DATA BLOCK –
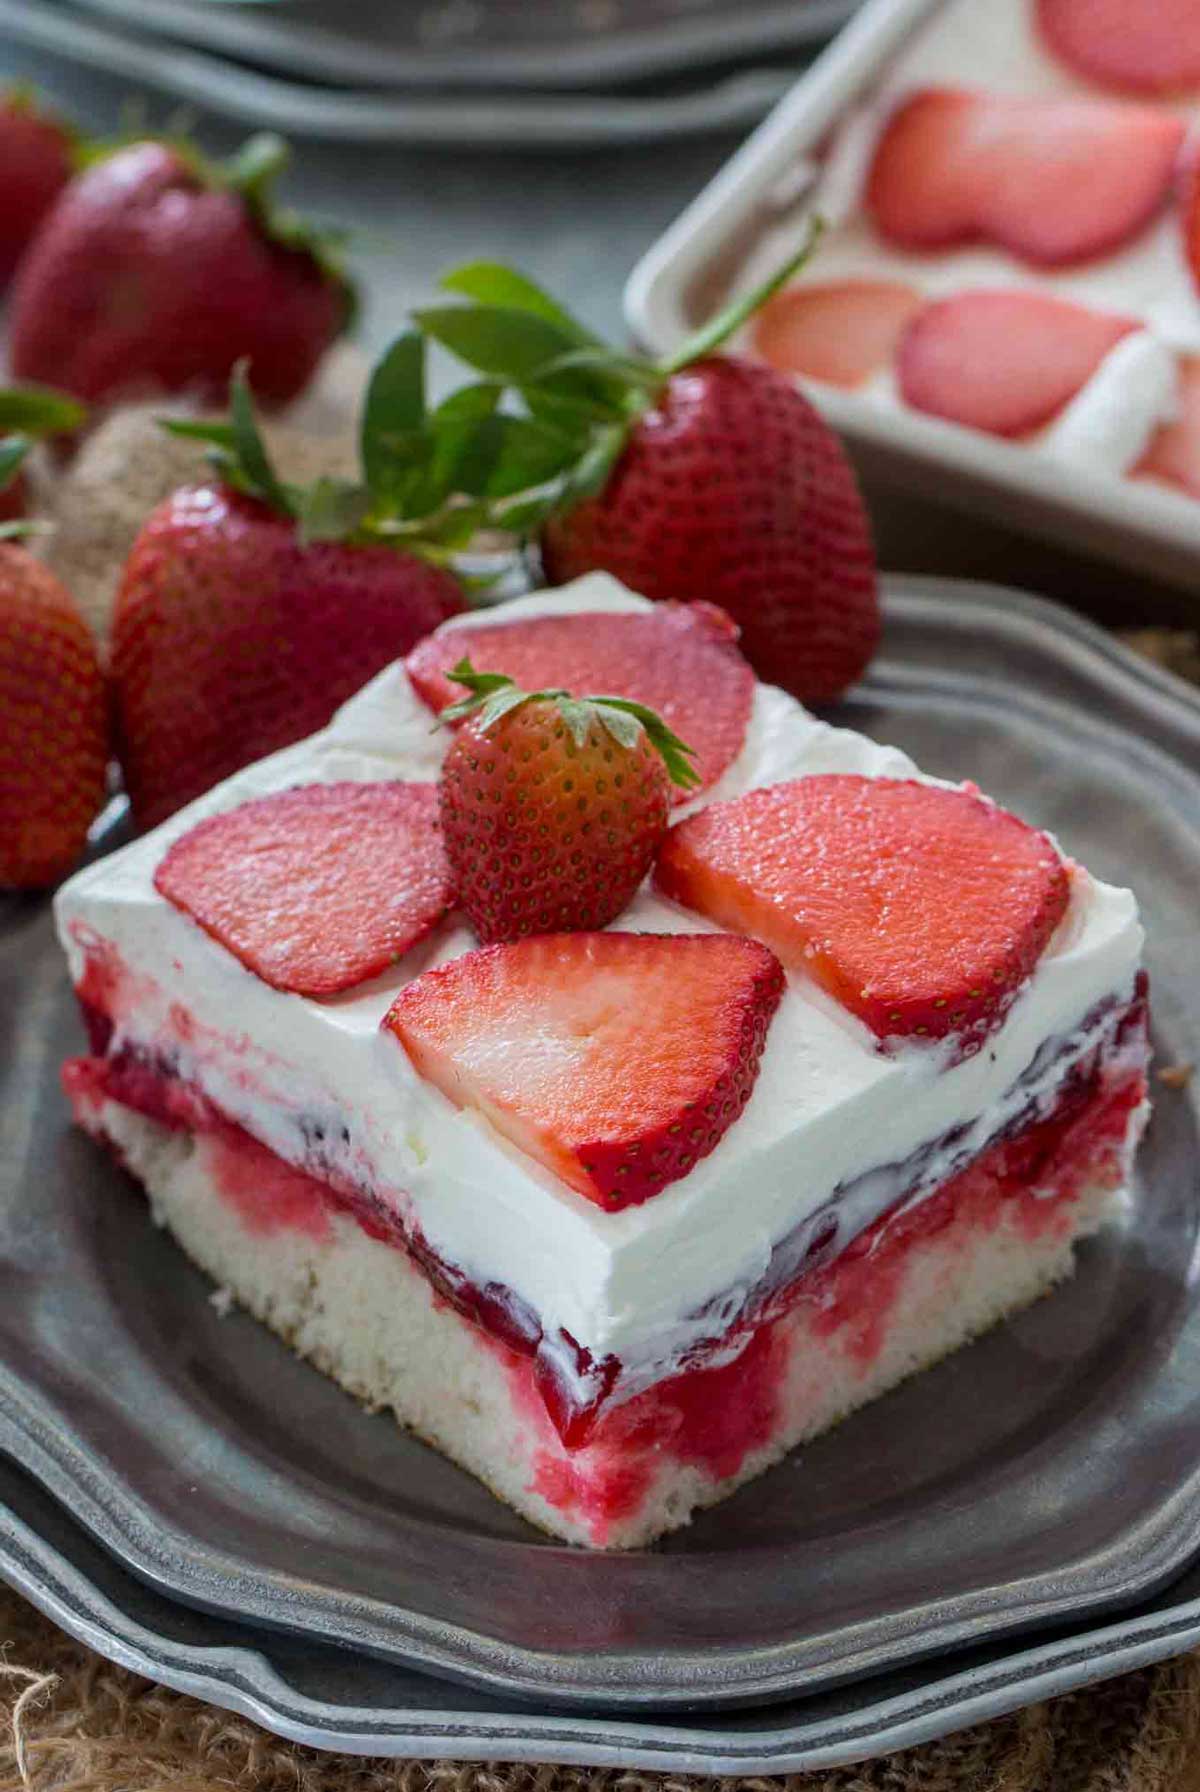 Best Homemade Strawberry Jello Poke Cake Video Sweet And Savory Meals
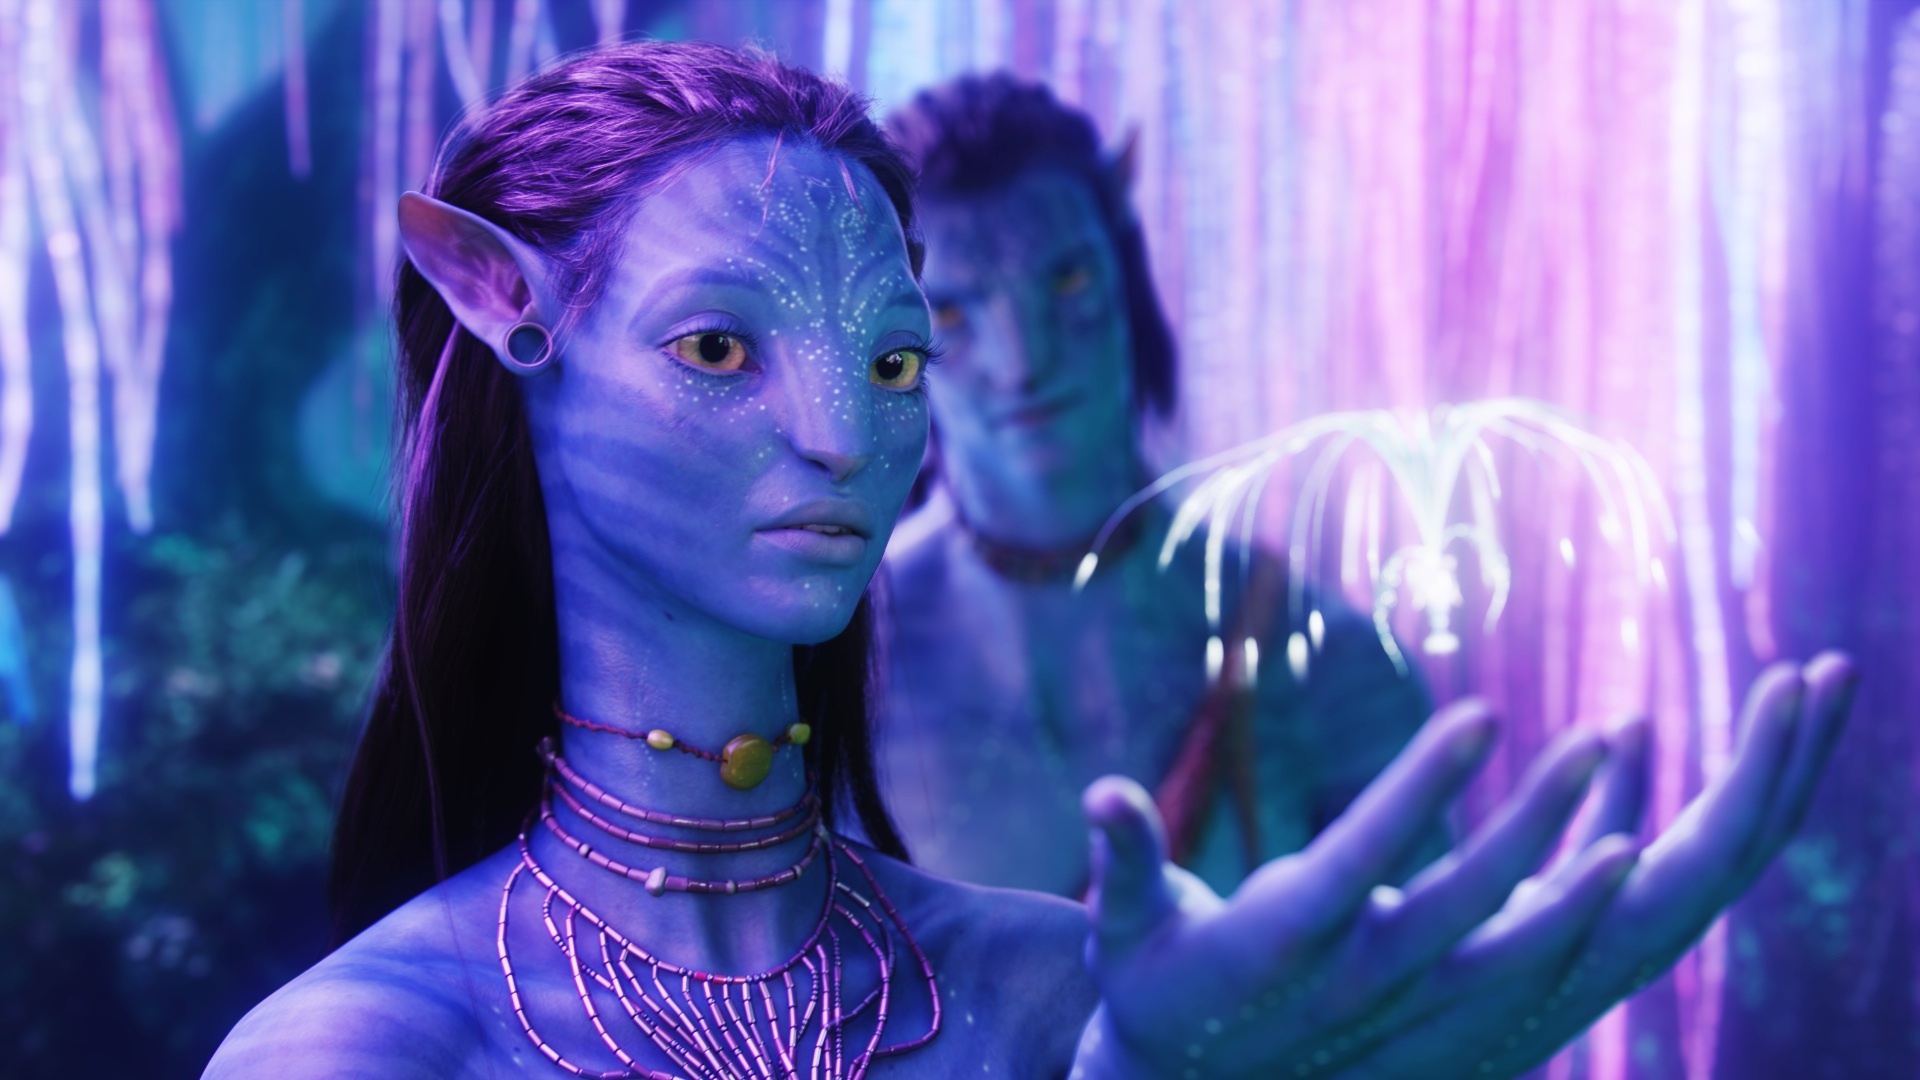 Zoe Saldana and Sam Worthington in Avatar (2009)
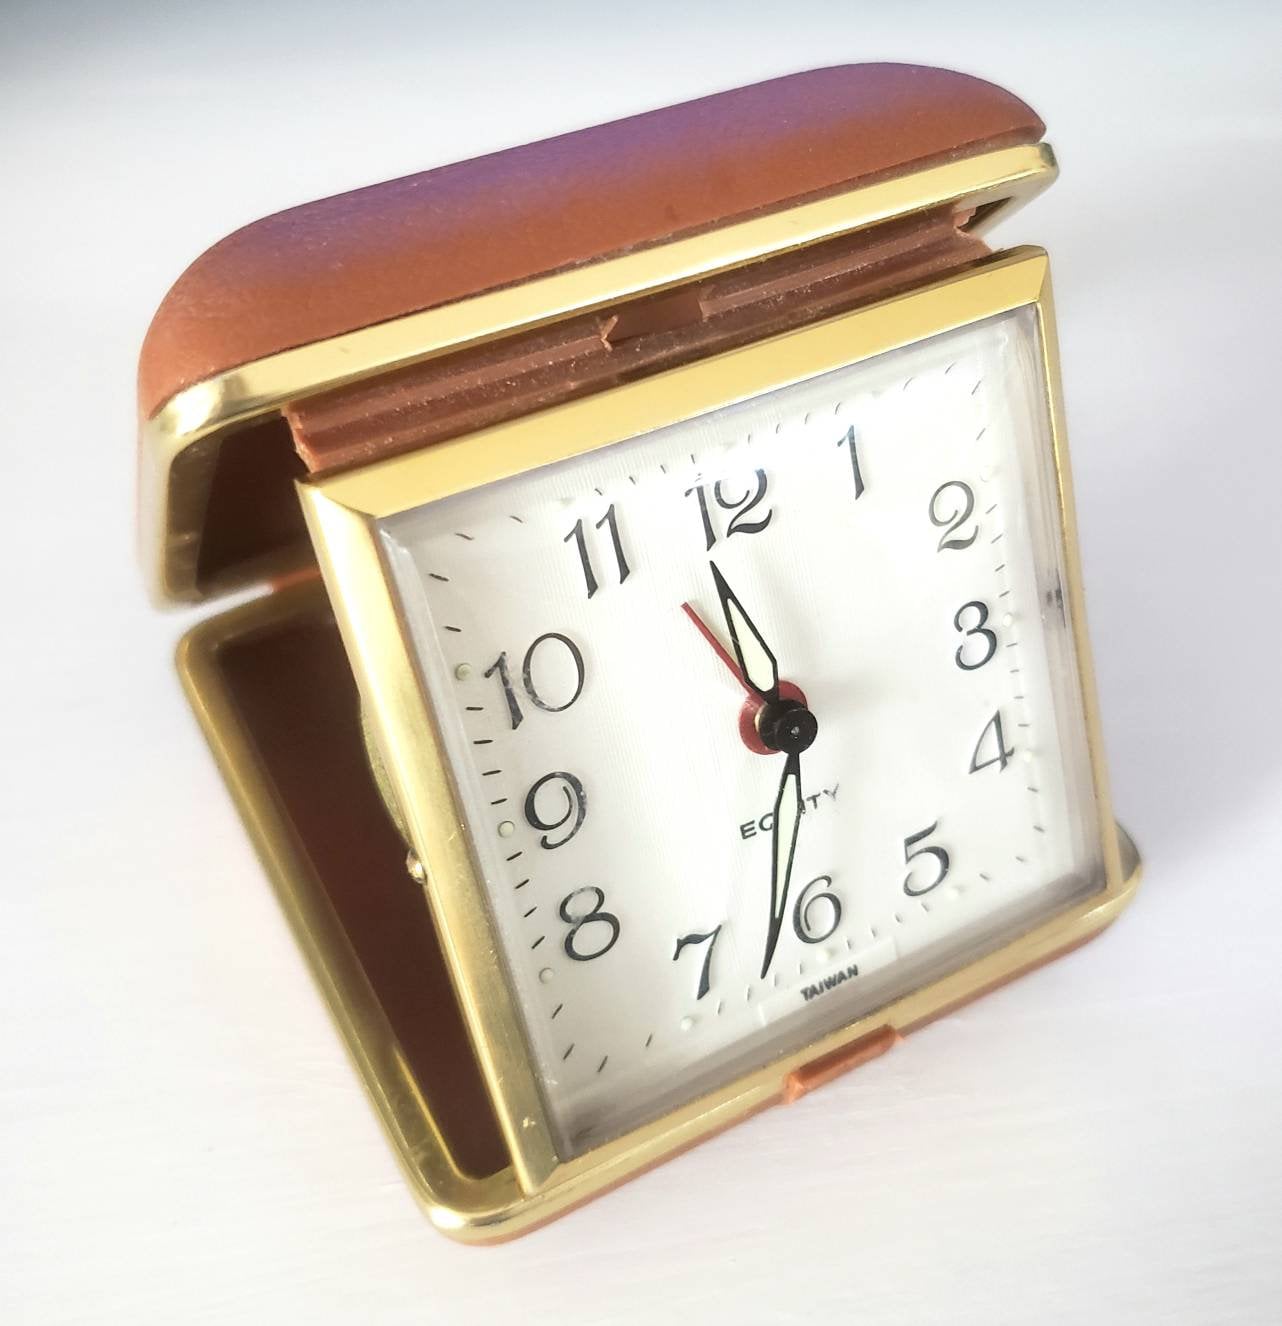 equity travel alarm clock

WHAT YOU NEED TO DO –
Repeat the material above word for word; no images go in the copy.

RESULT OF THIS TASK –
 Best Homemade Strawberry Jello Poke Cake Video Sweet And Savory Meals
 Zoe Saldana and Sam Worthington in Avatar (2009)
 equity travel alarm clock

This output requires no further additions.